These are the key concepts you need to understand to accurately answer the question.

Vibrating String
A vibrating string is a key concept in physics, especially when understanding wave phenomena. When a string is fixed at both ends, it can produce standing waves. These are waves that appear to be stationary, but in reality, they are a result of two waves traveling in opposite directions. The fixed points at the ends are called nodes, where there is no movement, and the points of maximum movement are antinodes.
  • For any given harmonic, the number of antinodes is the same as the harmonic number.
  • The first harmonic is the simplest form, with one antinode in the middle.
  • Each subsequent harmonic adds an antinode and creates a more complex wave pattern.

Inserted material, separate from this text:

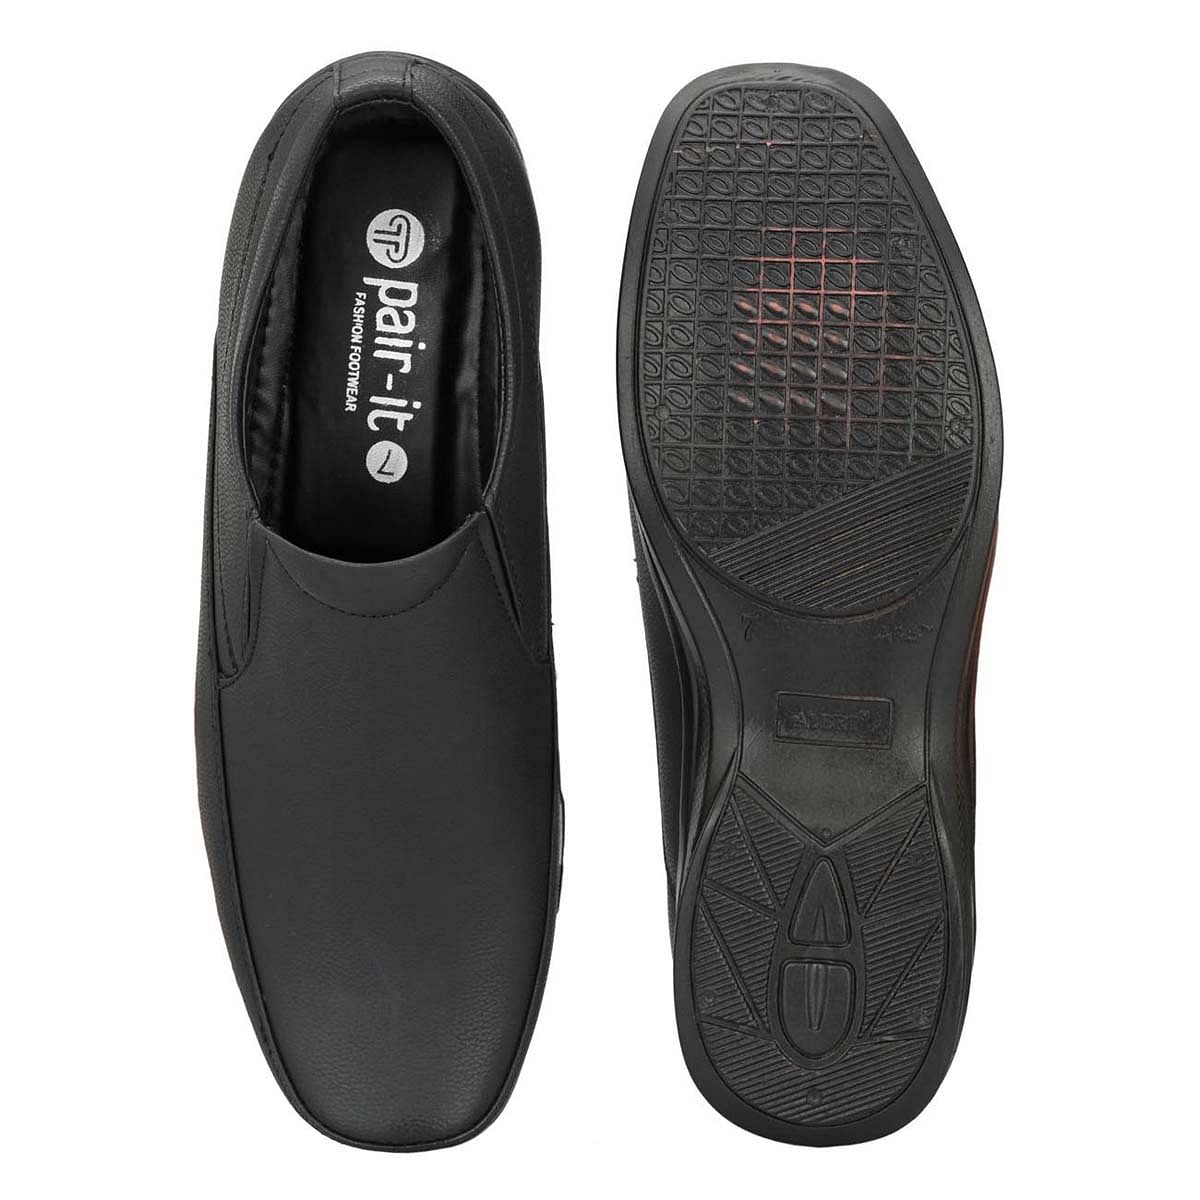 Pair-it Men moccasin Formal Shoes - Black-MN-RYDER206
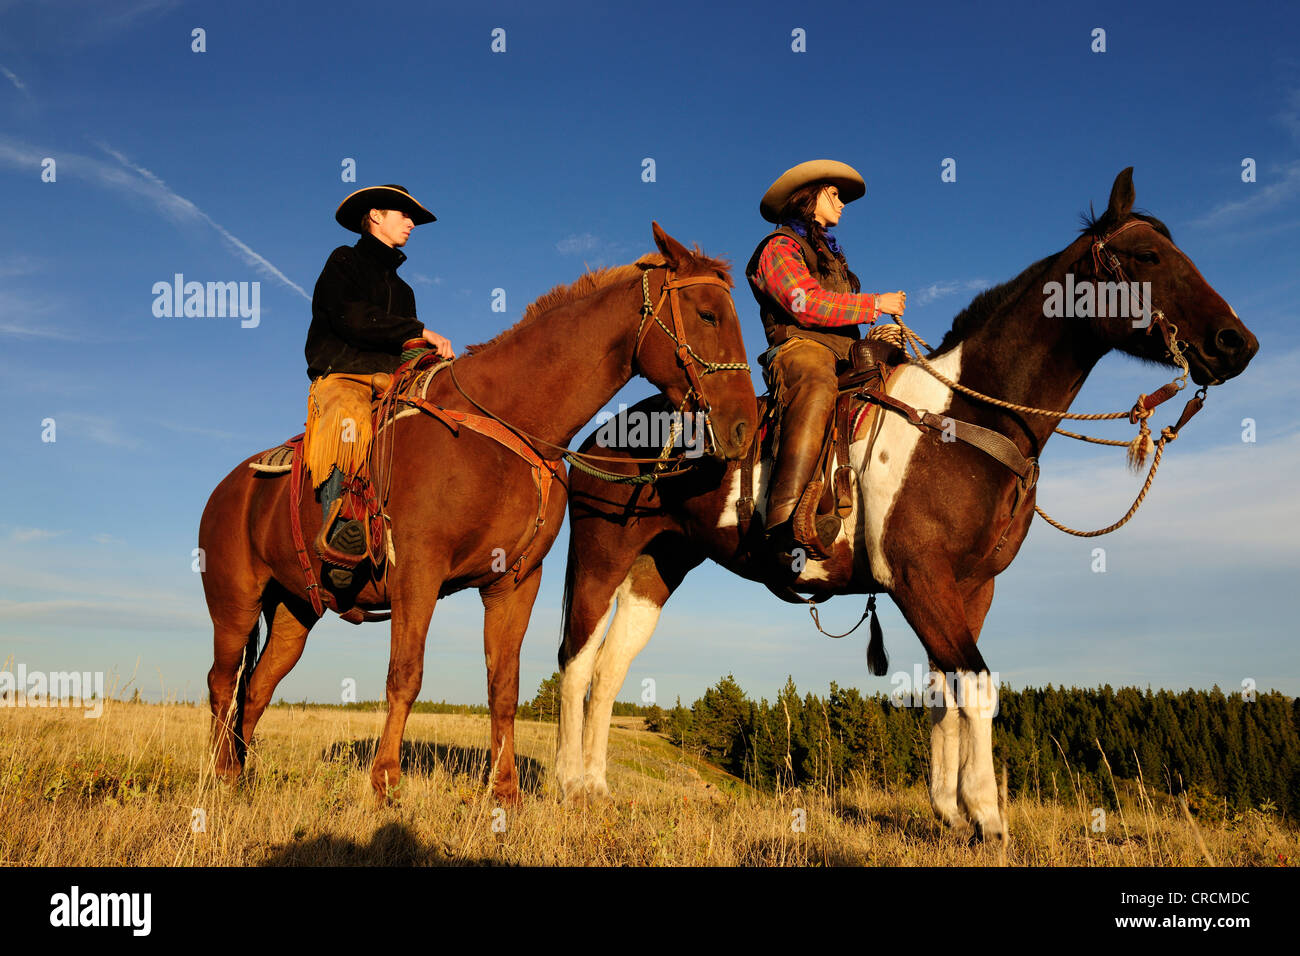 Une cowgirl et un cowboy assis sur leurs chevaux, Saskatchewan, Canada Banque D'Images

In the exercise, the second overtone corresponds to the third harmonic of the string. This means there are three antinodes along the length of the wire. The length of the wire contains one and a half wavelengths in this configuration.
Wave Speed Calculation
Calculating the wave speed on a string under tension is fundamental to solving problems involving vibrations. The wave speed on a string depends on its tension and linear mass density. The formula to find the speed of a wave traveling along a string is:
\[v = \sqrt{\frac{T}{\mu}} \] Where:
  • \(v\) is the wave speed
  • \(T\) is the tension applied to the string
  • \(\mu\) (mu) is the linear mass density, calculated as mass \(m\) divided by length \(L\).
For example, in the exercise provided, the mass of the wire is 5.625 grams and its length is 75 centimeters. To find the linear mass density, we convert the mass to kilograms and length to meters. This results in a linear mass density of 0.0075 kg/m. Using all given values, the wave speed is approximately 68.06 m/s.
This speed of the wave on the wire will help determine the frequency with which it is vibrating in a specific harmonic.
Second Overtone
The term "second overtone" can be a bit tricky because it's often mistaken for the second harmonic, but it is actually the third harmonic in the context of a vibrating string fixed at both ends.
  • In the third harmonic, the wire supports three antinodes.
  • The length of the wire is divided into sections that correspond to three half-wavelengths.
This third harmonic setup signifies that the entire length of the wire is filled with 1.5 wavelengths of the wave.
To find the wavelength in this setting, if the total length of the wire is 0.75 meters, each wavelength occupies two-thirds of the string's total length, as calculated \[ \lambda = \frac{2}{3} \times \text{Total Length} = 0.5 \, \text{m}\] With this wavelength and the calculated wave speed of 68.06 m/s, we derive the frequency as \[f = \frac{v}{\lambda} = 136.12 \, \text{Hz}\].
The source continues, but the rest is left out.